This project combines Grad-CAM++ (Gradient-weighted Class Activation Mapping) with YOLO (You Only Look Once) to enhance object detection performance on the VisDrone dataset. The workflow uses Grad-CAM heatmaps to identify regions of interest (ROIs) in drone imagery, then applies YOLO to detect and classify objects within those regions. The approach is designed to improve focus on highly activated areas, potentially leading to more reliable detections in cluttered, aerial environments.
Attached images in the results folder demonstrate how the pipeline processes input images: generating heatmaps, cropping ROIs, and overlaying YOLO detections.
The VisDrone dataset is a large-scale benchmark for object detection and tracking in drone-captured imagery. It contains complex urban and suburban scenes, often with:
- Small-scale pedestrians, vehicles, and bikes
- Heavy occlusion
- Crowded backgrounds
- Diverse illumination and weather conditions
The dataset provides 11 annotated object categories:
- Pedestrian, people, bicycle, car, van, truck, tricycle, awning-tricycle, bus, motor, and others.
This project uses a trained YOLO model (best.pt) fine-tuned on VisDrone data.
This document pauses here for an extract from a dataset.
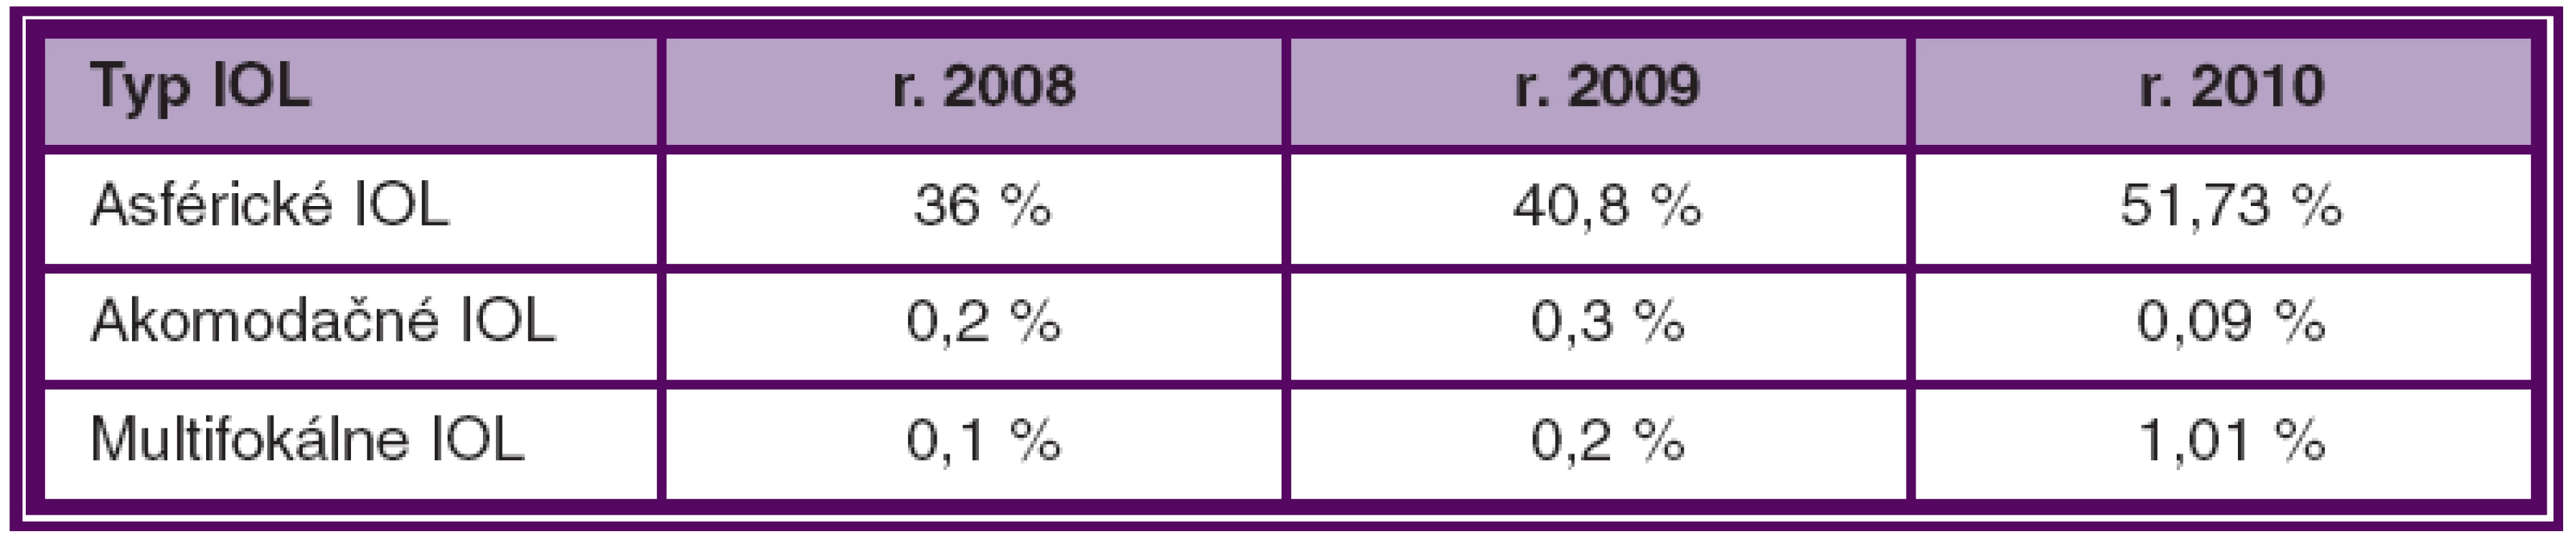 Počet (v %) používaných IOL v SR v jednotlivých rokoch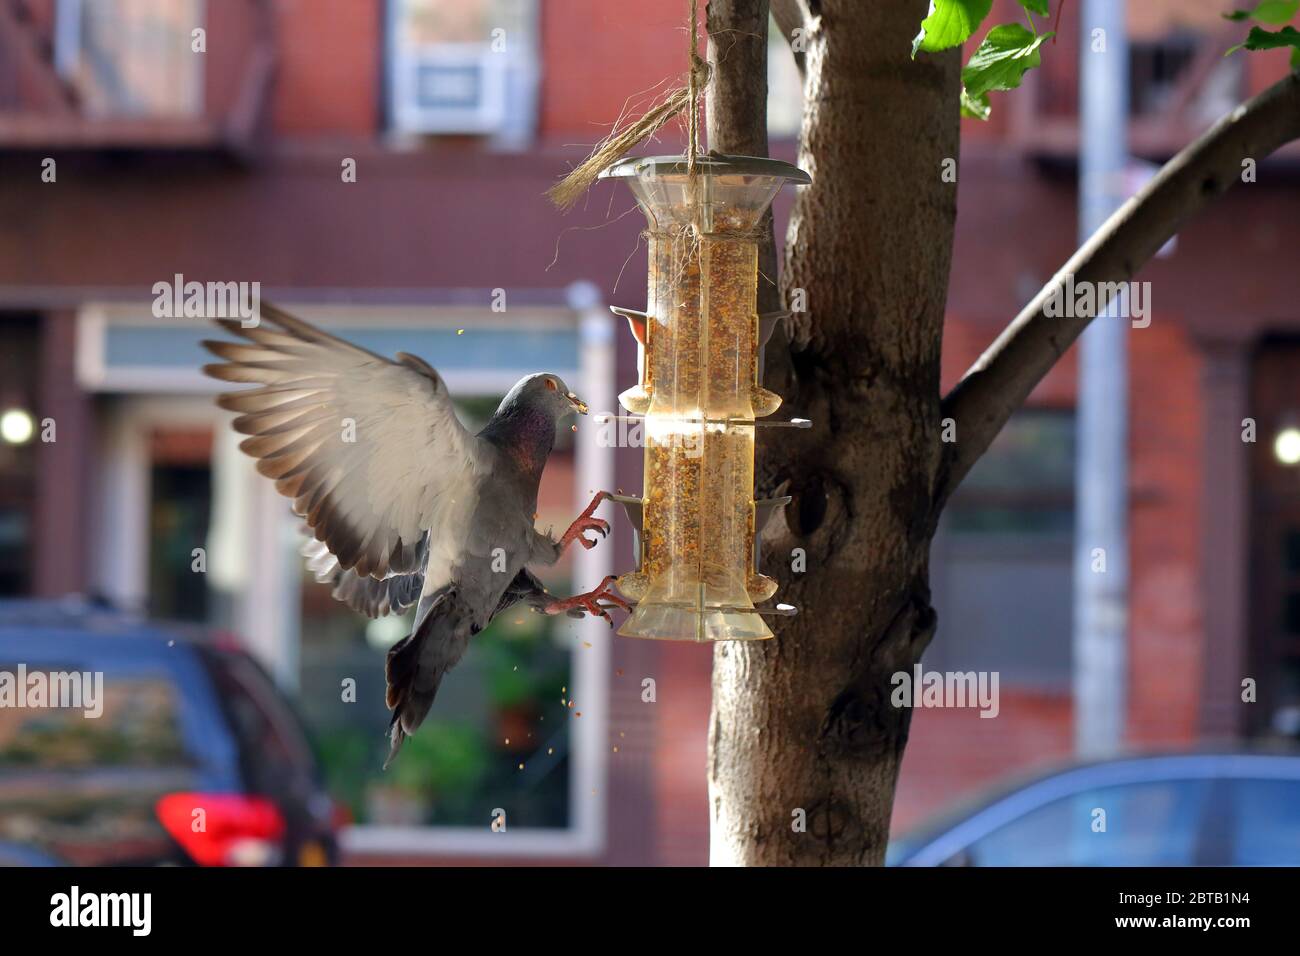 Eine Stadttaube überfällt ein kleines Vogelfutter für seine Vogelsamen. Stockfoto

The validation subset was processed for experiments.
-
Model Setup
- Loaded a pre-trained ResNet-50 for Grad-CAM++ heatmap generation.
- Loaded a YOLO model (best.pt) trained on VisDrone.
-
Grad-CAM Heatmaps
- Grad-CAM++ applied to ResNet-50 last convolutional layer.
- Heatmaps highlight semantically important regions for classes such as car, cat, and ship (multi-class targets encourage strong activations).
-
ROI Cropping
- Computed weighted activation centers from Grad-CAM maps.
- Cropped fixed-size (416×416) regions around high-activation zones.
- Preserves consistent input size for YOLO inference.
-
YOLO Detection
- Ran YOLO inference on cropped ROIs.
- Detections plotted with bounding boxes, class labels, and confidence scores.
-
Metrics & Evaluation
- Calculated AP (Average Precision), mAP, precision, recall, and F1-score.
- Generated per-image and aggregated summary metrics.
- Results saved to CSV and visualizations exported (heatmaps, cropped ROIs, and detection overlays).
Summary Statistics (from 10 validation images):
- Mean AP: 0.4898
- Std AP: 0.1939
- Mean detections per image: 7.7
- Total detections: 77
- Mean confidence: 0.5442
- Detection rate: 90% of images contained detections
Per-Image Highlights:
- Best performing image achieved AP of 0.71 with 15 detections.
- Lowest performing image had no detections (AP = 0).
- Most images clustered in the medium-to-high AP range (0.4–0.7).
The attached sample outputs illustrate:
- Grad-CAM heatmaps guiding the crop region.
- Cropped ROIs fed into YOLO.
- YOLO detections overlayed on top of cropped regions.
- Detection metrics summarized for each image.
This workflow demonstrates how attention-based localization (via Grad-CAM) can guide object detection pipelines on aerial datasets, where irrelevant background often dominates.
Object detection in drone imagery is difficult because:
- Objects are small, often <1% of the image area.
- Background clutter (roads, rooftops, vegetation) overwhelms detection models.
By combining attention-driven cropping (Grad-CAM) with robust detection (YOLO), the pipeline aims to:
- Improve focus on meaningful image regions.
- Reduce computation on irrelevant background.
- Provide interpretable heatmaps for detection decisions.
This project is released under the MIT License.
It is fully open-source and contributions are encouraged.